Search code examples
pythonparsingposttwistedbeautifulsoup

Python - Twisted : POST in a form


Hi Guys !

I'm still discovering Twisted and I've made this script to parse the content of HTML table into excel. This script is working well ! My question is how can I do the same, for only one webpage (http://bandscore.ielts.org/) but with a lot of POST requests to be able to fetch all the results, parse it with beautifulSoup and then put them into excel ?

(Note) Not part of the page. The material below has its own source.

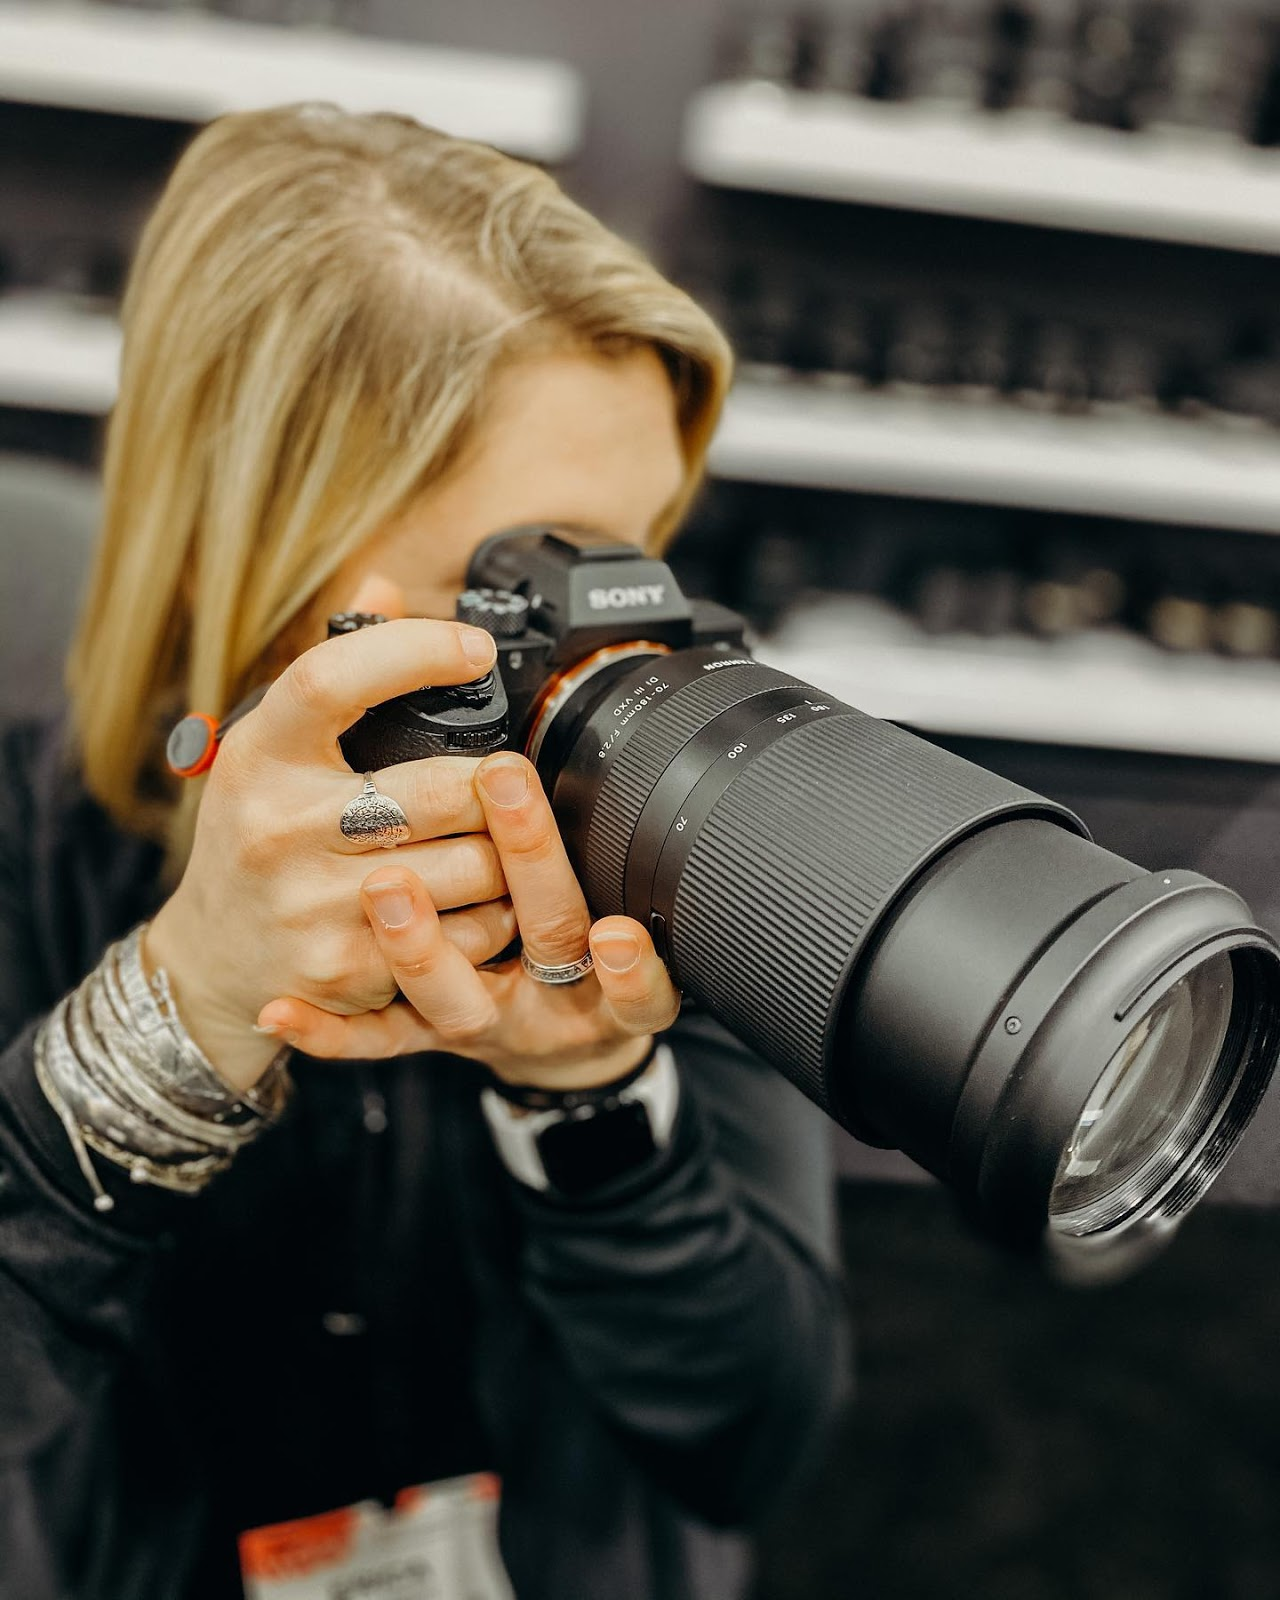 Фотограф снимает с помощью объектива Tamron 70-180mm f/2.8
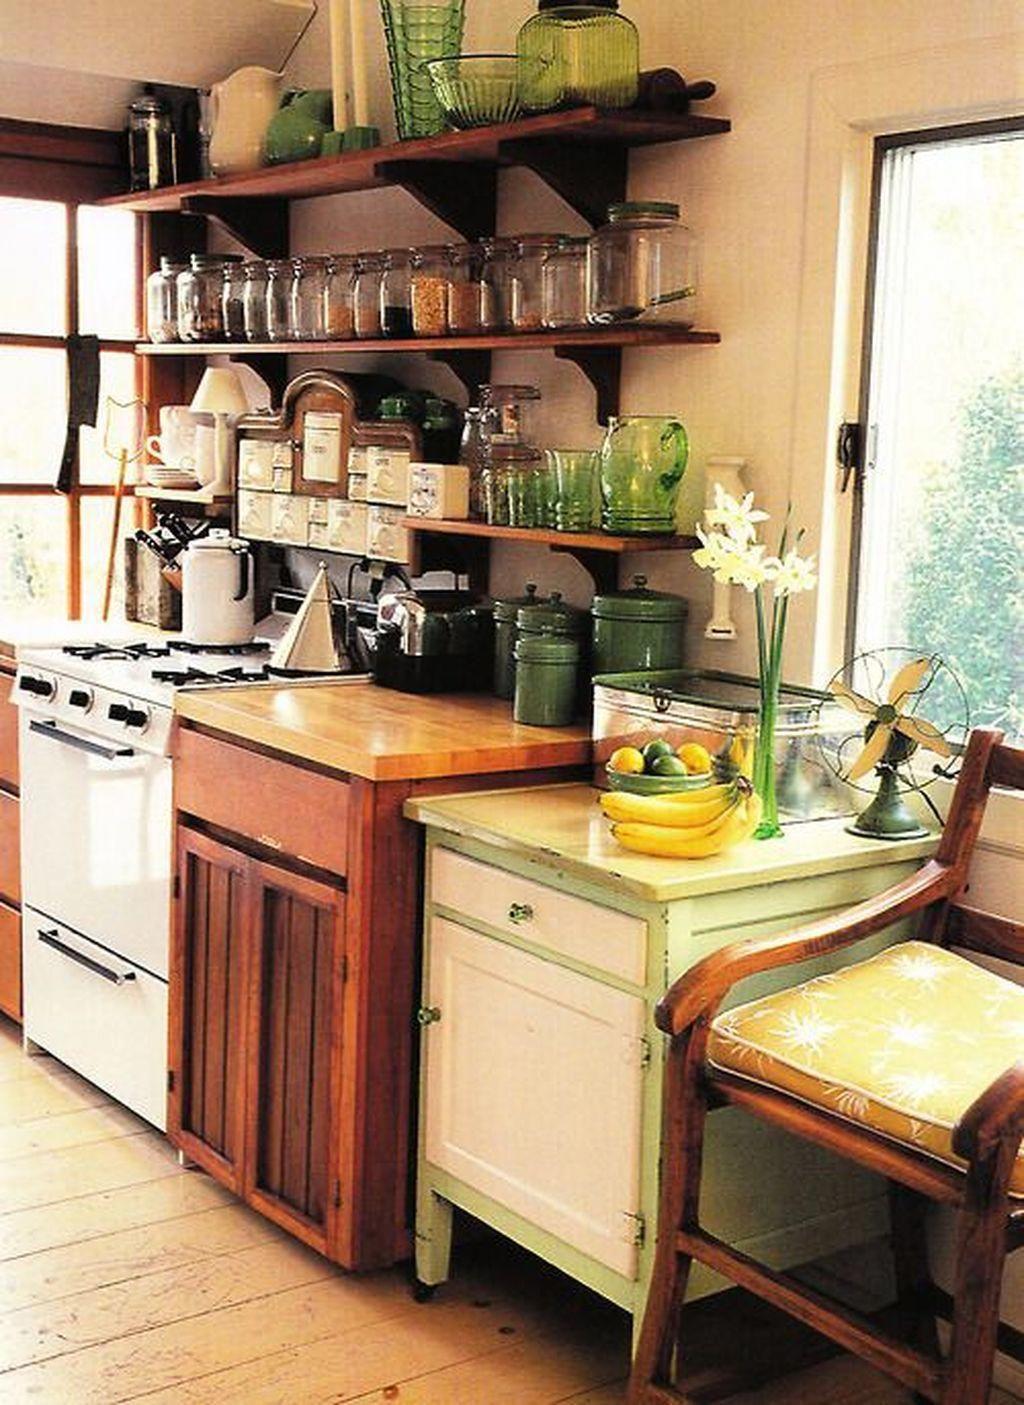 kitchendesignideas eclectic kitchen home decor kitchen country kitchen on kitchen decor hippie id=89017

Parsing the source and putting it into excel is O.K, but I don't know how to do a POST request with Twisted in order to implement that in

This is the script I use for parsing (with Twisted) a lot of different pages (I want to be able to write the same script, but with a lot of different POST data on the same page and not a lot of pages):

from twisted.web import client
from twisted.internet import reactor, defer
from bs4 import BeautifulSoup as BeautifulSoup
import time
import xlwt

start = time.time()
wb = xlwt.Workbook(encoding='utf-8')
ws = wb.add_sheet("BULATS_IA_PARSED")
global x
x = 0
Countries_List = ['Afghanistan','Armenia','Brazil','Argentina','Armenia','Australia','Austria','Azerbaijan','Bahrain','Bangladesh','Belgium','Belize','Bolivia','Bosnia and Herzegovina','Brazil','Brunei Darussalam','Bulgaria','Cameroon','Canada','Central African Republic','Chile','China','Colombia','Costa Rica','Croatia','Cuba','Cyprus','Czech Republic','Denmark','Dominican Republic','Ecuador','Egypt','Eritrea','Estonia','Ethiopia','Faroe Islands','Fiji','Finland','France','French Polynesia','Georgia','Germany','Gibraltar','Greece','Grenada','Hong Kong','Hungary','Iceland','India','Indonesia','Iran','Iraq','Ireland','Israel','Italy','Jamaica','Japan','Jordan','Kazakhstan','Kenya','Kuwait','Latvia','Lebanon','Libya','Liechtenstein','Lithuania','Luxembourg','Macau','Macedonia','Malaysia','Maldives','Malta','Mexico','Monaco','Montenegro','Morocco','Mozambique','Myanmar (Burma)','Nepal','Netherlands','New Caledonia','New Zealand','Nigeria','Norway','Oman','Pakistan','Palestine','Papua New Guinea','Paraguay','Peru','Philippines','Poland','Portugal','Qatar','Romania','Russia','Saudi Arabia','Serbia','Singapore','Slovakia','Slovenia','South Africa','South Korea','Spain','Sri Lanka','Sweden','Switzerland','Syria','Taiwan','Thailand','Trinadad and Tobago','Tunisia','Turkey','Ukraine','United Arab Emirates','United Kingdom','United States','Uruguay','Uzbekistan','Venezuela','Vietnam']
urls = ["http://www.cambridgeesol.org/institutions/results.php?region=%s&type=&BULATS=on" % Countries for Countries in Countries_List]


def finish(results):
    global x
    for result in results:
        print 'GOT PAGE', len(result), 'bytes'
        soup = BeautifulSoup(result)
        tableau = soup.findAll('table')
    try:
        rows = tableau[3].findAll('tr')
        print("Fetching")
        for tr in rows:
        cols = tr.findAll('td')
        y = 0
        x = x + 1
        for td in cols:
            texte_bu = td.text
            texte_bu = texte_bu.encode('utf-8')
            #print("Writing...")
                    #print texte_bu
            ws.write(x,y,td.text)
            y = y + 1
    except(IndexError):
        print("No IA for this country")
        pass

    reactor.stop()

waiting = [client.getPage(url) for url in urls]
defer.gatherResults(waiting).addCallback(finish)

reactor.run()
wb.save("IALOL.xls")
print "Elapsed Time: %s" % (time.time() - start)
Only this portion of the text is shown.